29 Ind. 37 | Ind. | 1867

Lead Opinion

Ray, J.

The only errors relied upon for a reversal of this case are presented by what purports to be a bill of exceptions. It is obj ected, by the appellee, that this paper forms no part of the record. Time was given to prepare a bill of exceptions until the third day of the next term of the court. On the third judicial day of the next term, the court, on its own motion, and without any eause shown of record, made an order giving the appellant until the fifteenth day of the following month to prepare said bill. We have heretofore ruled that no such extension of time can be given, unless upon notice to the adverse party. Sherman et al. v. Crothers, 25 Ind. 417. The paper filed recites that the parties were both present in court. Upon this phase of the subject we have not ruled, but it seems to us to present a serious question, whether, when the time has been fixed by the court, and the final judgment has been entered and the term of court has passed, the jurisdiction of the- court to grant any *38new extension of time has not ceased. The statute requires that an exception to a decision of the court must be taken at the time the decision is. made, but time may be given to reduce the exception to writing, but not beyond the term, unless by special leave of the court. The requirement that the exception be taken at the time the ruling is made, is in accordance with the common law. 2 Tidd’s Prac. 863. Our statute clearly implies that while time may. be given, in all eases, to reduce the exception to writing during the term, yet there should be some special and sufficient reason for extending, in any case, the liberty beyond the term of the court. While, therefore, we do not decide whether or not it be within the power of the judge, when such liberty has been given in any special ease, to grant a new extension of time before the expiration of the date limited, and while the court is in session at a subsequent term, we do not regard it.as unreasonable to require that when such leave is granted there should at least be a showing of record, that we may judge whether there existed any reasonable eause for the exercise of such a power, if we should consider it possessed by the court. It is most important to secure accuracy in a bill of exceptions, and to that end the bill should bfe prepared and presented while the matter is clear in the memory of the court and counsel.
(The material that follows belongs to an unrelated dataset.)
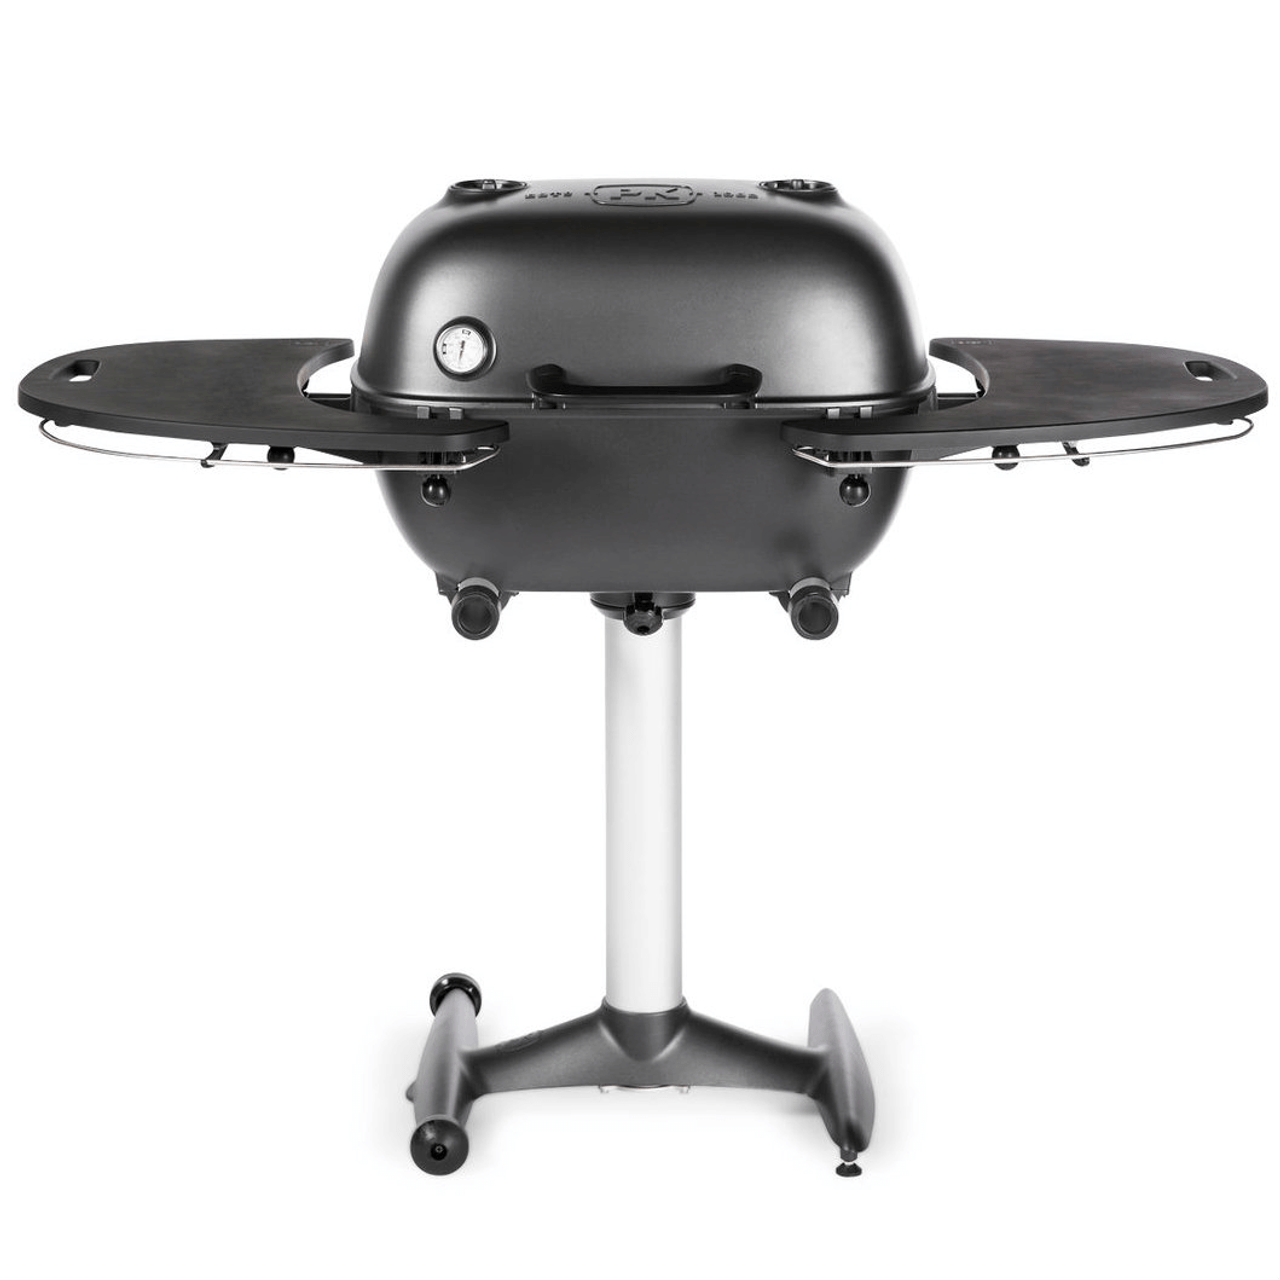 PK360 Grill and Smoker - Graphite

We cannot regard the paper in the record as a bill of exceptions, and must therefore affirm the judgment, with costs.






Rehearing

ON PETITION POE REHEARING.

Ray, J.

In this ease we had ruled that when the time within which a bill of exceptions was to be presented had been fixed beyond the term of the court, by special leave, that such time could not be again extended. after final judgment and the close of the term, without eause shown, of the sufficiency of which we must be enabled to judge from the record. Desiring not to determine any question beyond the one presented! by the record,-we declined to *39decide whether, even upon reasonable cause shown, any power existed in the court, under such circumstances, to extend the time for presenting the bill of exceptions.

J. L. Worden, J. Morris and J. A. Fay, for appellant. J. A. Coffroth, for appellee.

An earnest petition for rehearing has been filed, and the rule urged upon our attention that we must presume in favor of the action of the court below, and that the record need not sustain that action where there exists a discretionary power in the court to act. It has, perhaps, resulted in this as in other cases, where a court reaching a conclusion -in regard to the point involved, and not desiring to decide any question beyond, has hesitated to state the full ground of the decision, realizing that the reason, if fully stated, would solve questions not presented for its consideration. Since the opinion was pronounced in this cause, other cases have required a consideration of the same subject, and it has accordingly been ruled, in Albaugh et al. v. James, post, p. 398, that if the bill of exceptions was signed by the judge within the time, it was sufficient, although not filed with the clerk. The party excepting is required to reduce the exception to writing within the time limited, and upon doing this, and presenting it to the judge for his signature, his duty is discharged. It was very plainly intimated, in Vanness v. Bradley et al., post, p. 388, that the control of the court over any case ended with the final judgment and the adjournment of the court, except only so far as the statute had authorized the judge to reserve a right for a fixed period to sign, or refuse to sign, a bill of exceptions.

To put at rest all doubts, we now, in overruling the petition for a rehearing in this case, decide that when a judge has exercised the power conferred by statute, and extended by special leave the time for preparing a bill of exceptions beyond the term, and has rendered judgment and adjourned his court, his power to make any new order in the case has ceased, unless some sufficient ground be shown to amend the record.